Strangely (until you analyze the game) Barack Obama has endorsed one Bush economic policy, special low tax rates on dividends paid by stocks. John McCain endorses the Bush policy as well, but because the will be a Democratic majority in Congress, supporting Barack Obama is a better strategy for the ultra-rich whose income comes mostly from dividends.

There are some arguments for a low tax rate on dividends, but then there are arguments for low tax rates in any specific category. The basic argument is that the tax amounts to double taxation because corporations (sometimes) pay taxes on profits, and then dividends are distributed out of profits and taxed when passed out to individuals. But money is constantly taxed in our society as it moves around. The money paid to wage earners has been taxed in various ways before they receive it from employers, and it is taxed again when they spend it (sales tax, real estate tax, etc.). So the double-taxation argument is just sophistry.

The bottom line is that only rich people derive a significant proportion of their income from stock dividends. So a tax cut on dividends is a tax cut for the rich, and an increase mainly hits the rich as well.

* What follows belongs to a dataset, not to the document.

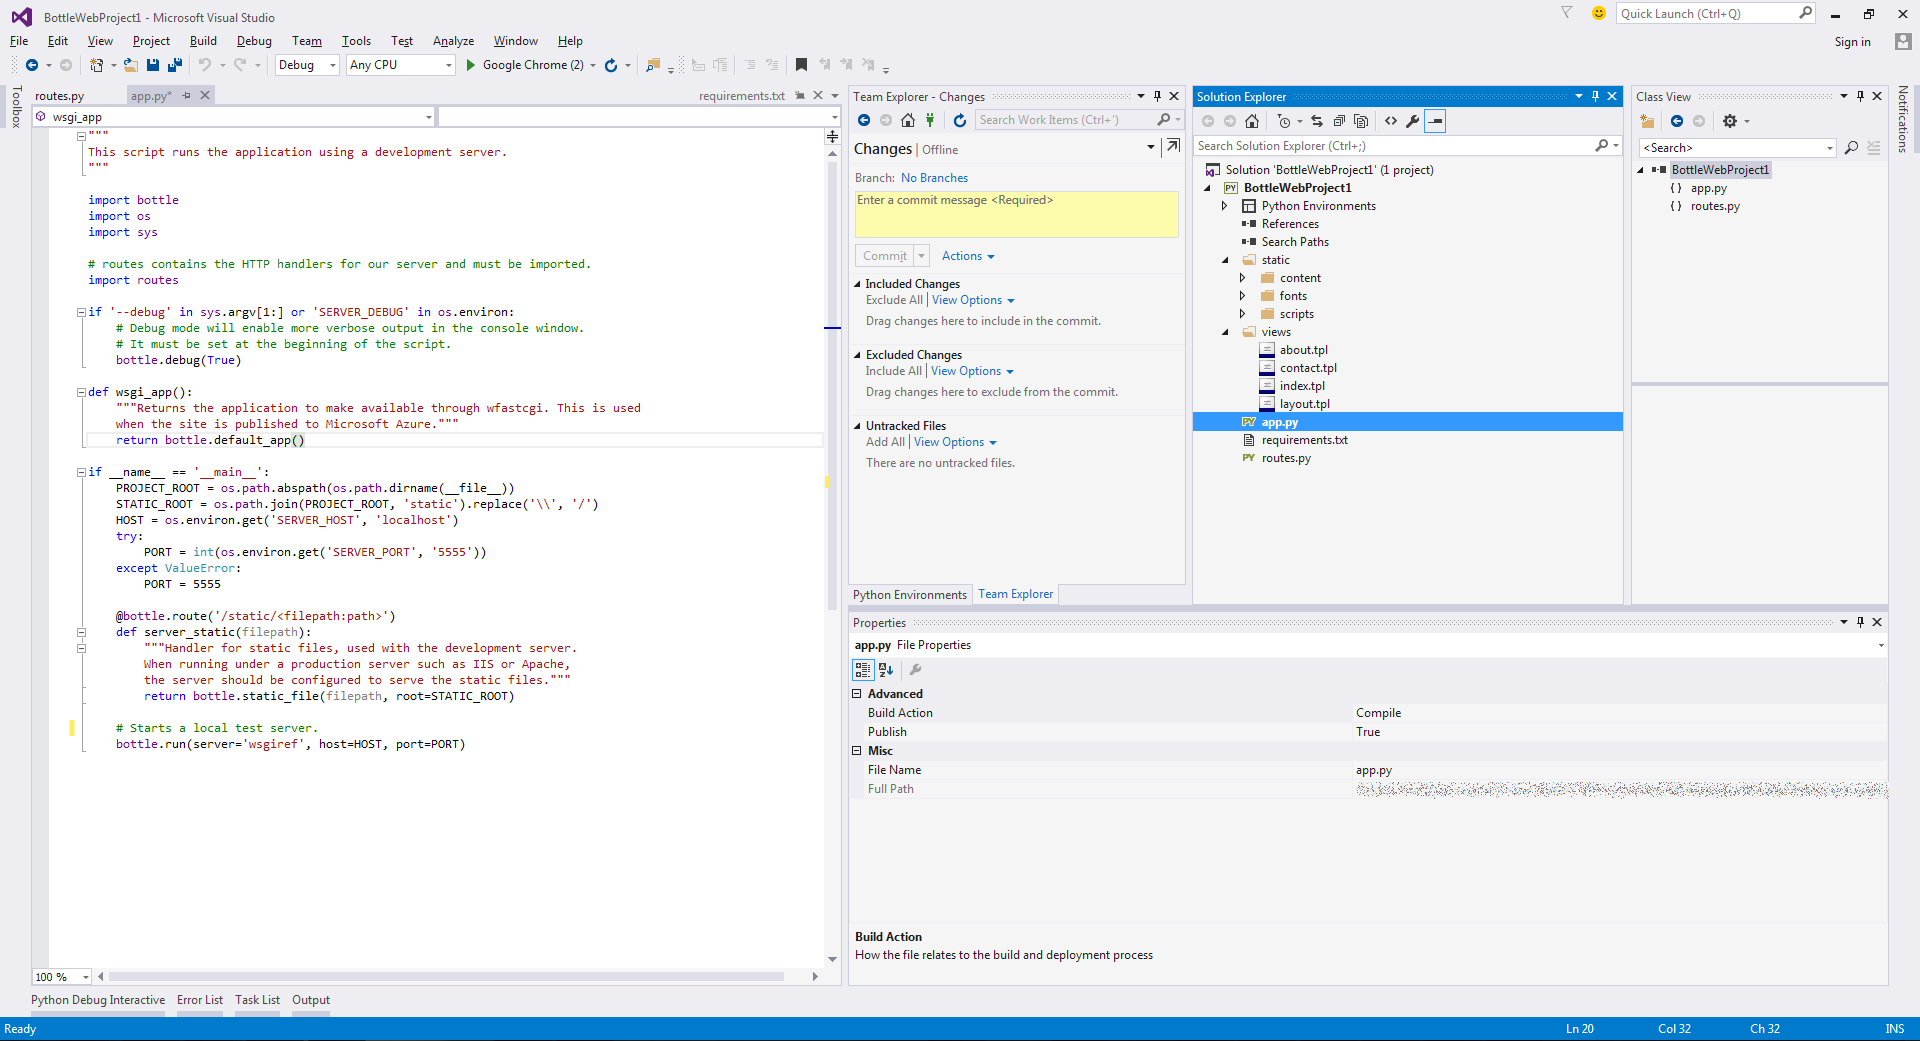 enable codelens visual studio 2017 community
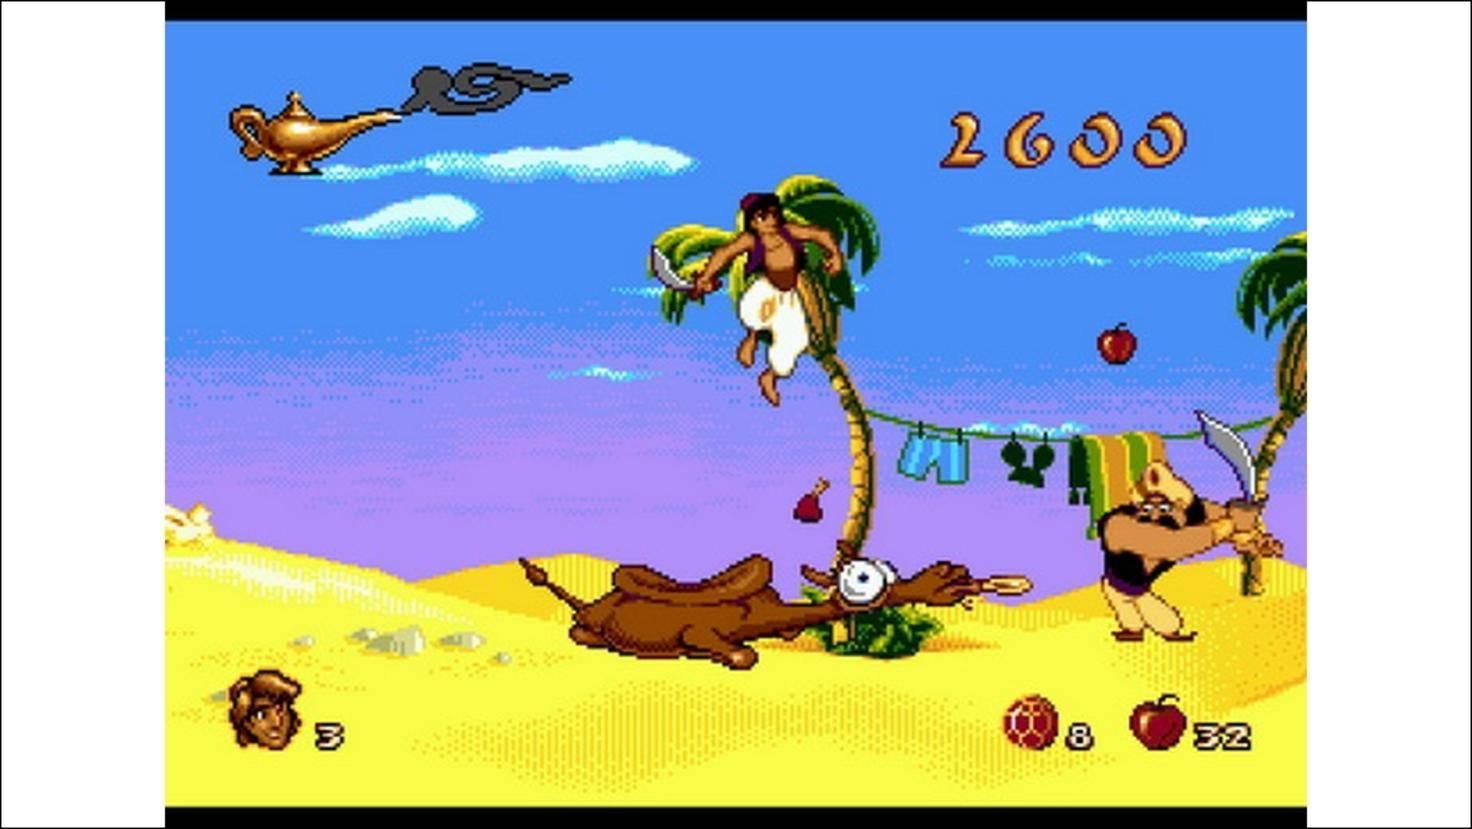 Aladdin-Sega-Mega-Drive-Disney

When George W. Bush took office dividends were taxed like any other income to individuals, which meant the top rate was about 40%. The Bush Tax Cuts for the Rich reduced the rate to 15%. John McCain wants to retain the 15% rate.

Democrats in Congress say they want to reverse the Bush Tax Cuts for the Rich. So if they had their way, the maximum tax rate on dividends would end up around 40%. If McCain is elected they can put that into effect. They don't need to worry about a McCain veto. All they have to do is let the Bush tax cuts expire.

Barack Obama has proposed raising the rate to only 20%. Democrats in Congress would not want to defy a Democratic President, so they would have to pass a new law lowering the dividend tax rate to 20%. The rich will be better off under Obama than under McCain, if this scenario plays out.

Why would Barack Obama want to give the rich a break? Because actually he is from the same economic school as Ronald Reagan, the Chicago School of worshipping free-market capitalism. Barack taught law, a necessary adjunct to free market economics, at the school for years. He is not progressive on economics, but he had to sound progressive to win the Democratic primaries.